Directions ▸ What you give back should be exactly the opening lines of the data, ending with the line that contains "It is decorated with two" and including it.

The records ▸
※ ※ ※

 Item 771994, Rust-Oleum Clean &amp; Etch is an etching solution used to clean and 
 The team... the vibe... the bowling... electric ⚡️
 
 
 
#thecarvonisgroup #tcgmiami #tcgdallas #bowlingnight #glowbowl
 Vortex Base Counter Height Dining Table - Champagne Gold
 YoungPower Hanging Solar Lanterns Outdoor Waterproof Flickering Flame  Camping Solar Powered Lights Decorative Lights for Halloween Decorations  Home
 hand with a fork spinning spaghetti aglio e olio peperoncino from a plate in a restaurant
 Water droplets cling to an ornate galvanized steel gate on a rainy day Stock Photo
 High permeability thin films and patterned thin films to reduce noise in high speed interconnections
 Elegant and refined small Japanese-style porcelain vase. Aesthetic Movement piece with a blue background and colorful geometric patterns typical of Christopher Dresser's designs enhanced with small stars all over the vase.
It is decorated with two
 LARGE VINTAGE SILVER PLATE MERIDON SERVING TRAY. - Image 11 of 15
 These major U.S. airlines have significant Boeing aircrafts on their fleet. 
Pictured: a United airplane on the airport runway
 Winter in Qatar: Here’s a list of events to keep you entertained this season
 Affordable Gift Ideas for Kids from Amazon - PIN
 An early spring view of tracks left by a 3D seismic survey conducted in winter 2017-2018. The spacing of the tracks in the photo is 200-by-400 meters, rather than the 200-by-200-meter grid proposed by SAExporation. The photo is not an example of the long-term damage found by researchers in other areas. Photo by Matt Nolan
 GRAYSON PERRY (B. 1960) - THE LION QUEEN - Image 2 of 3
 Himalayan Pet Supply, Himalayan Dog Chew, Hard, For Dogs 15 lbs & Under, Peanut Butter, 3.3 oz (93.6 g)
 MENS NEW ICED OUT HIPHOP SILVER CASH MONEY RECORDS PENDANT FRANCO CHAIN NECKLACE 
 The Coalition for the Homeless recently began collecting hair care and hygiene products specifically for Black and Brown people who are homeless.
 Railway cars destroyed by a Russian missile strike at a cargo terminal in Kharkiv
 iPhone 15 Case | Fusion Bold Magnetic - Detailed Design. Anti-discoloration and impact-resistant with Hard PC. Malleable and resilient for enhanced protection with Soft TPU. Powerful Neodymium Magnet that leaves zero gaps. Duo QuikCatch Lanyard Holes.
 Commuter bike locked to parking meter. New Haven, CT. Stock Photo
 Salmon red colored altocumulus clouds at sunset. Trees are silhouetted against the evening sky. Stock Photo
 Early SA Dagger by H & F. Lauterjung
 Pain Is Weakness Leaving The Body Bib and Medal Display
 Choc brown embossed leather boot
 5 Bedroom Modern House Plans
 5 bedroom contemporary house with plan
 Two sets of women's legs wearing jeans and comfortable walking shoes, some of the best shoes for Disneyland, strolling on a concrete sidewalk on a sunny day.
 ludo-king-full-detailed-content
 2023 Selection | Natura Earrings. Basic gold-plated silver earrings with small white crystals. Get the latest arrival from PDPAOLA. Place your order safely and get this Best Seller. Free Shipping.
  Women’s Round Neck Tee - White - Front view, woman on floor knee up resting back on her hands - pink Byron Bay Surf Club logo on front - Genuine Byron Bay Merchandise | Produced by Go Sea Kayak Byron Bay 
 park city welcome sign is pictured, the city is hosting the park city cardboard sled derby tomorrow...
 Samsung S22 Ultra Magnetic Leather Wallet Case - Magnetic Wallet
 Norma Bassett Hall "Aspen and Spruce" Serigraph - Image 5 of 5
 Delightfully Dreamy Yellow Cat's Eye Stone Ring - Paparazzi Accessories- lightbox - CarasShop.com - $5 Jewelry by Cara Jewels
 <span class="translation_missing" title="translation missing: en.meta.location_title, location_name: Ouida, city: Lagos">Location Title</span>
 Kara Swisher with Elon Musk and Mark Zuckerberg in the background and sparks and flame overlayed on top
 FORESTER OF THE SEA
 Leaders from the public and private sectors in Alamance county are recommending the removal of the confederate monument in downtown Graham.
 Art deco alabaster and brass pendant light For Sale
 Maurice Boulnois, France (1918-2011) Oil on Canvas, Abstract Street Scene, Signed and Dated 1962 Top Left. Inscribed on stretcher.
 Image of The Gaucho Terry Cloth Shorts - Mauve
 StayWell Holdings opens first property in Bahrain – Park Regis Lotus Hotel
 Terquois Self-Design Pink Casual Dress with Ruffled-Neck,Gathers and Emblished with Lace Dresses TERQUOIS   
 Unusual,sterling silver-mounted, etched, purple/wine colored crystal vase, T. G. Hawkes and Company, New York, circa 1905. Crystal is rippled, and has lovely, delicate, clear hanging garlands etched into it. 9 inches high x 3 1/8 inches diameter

※ ※ ※

Response below ▸
 Item 771994, Rust-Oleum Clean &amp; Etch is an etching solution used to clean and 
 The team... the vibe... the bowling... electric ⚡️
 
 
 
#thecarvonisgroup #tcgmiami #tcgdallas #bowlingnight #glowbowl
 Vortex Base Counter Height Dining Table - Champagne Gold
 YoungPower Hanging Solar Lanterns Outdoor Waterproof Flickering Flame  Camping Solar Powered Lights Decorative Lights for Halloween Decorations  Home
 hand with a fork spinning spaghetti aglio e olio peperoncino from a plate in a restaurant
 Water droplets cling to an ornate galvanized steel gate on a rainy day Stock Photo
 High permeability thin films and patterned thin films to reduce noise in high speed interconnections
 Elegant and refined small Japanese-style porcelain vase. Aesthetic Movement piece with a blue background and colorful geometric patterns typical of Christopher Dresser's designs enhanced with small stars all over the vase.
It is decorated with two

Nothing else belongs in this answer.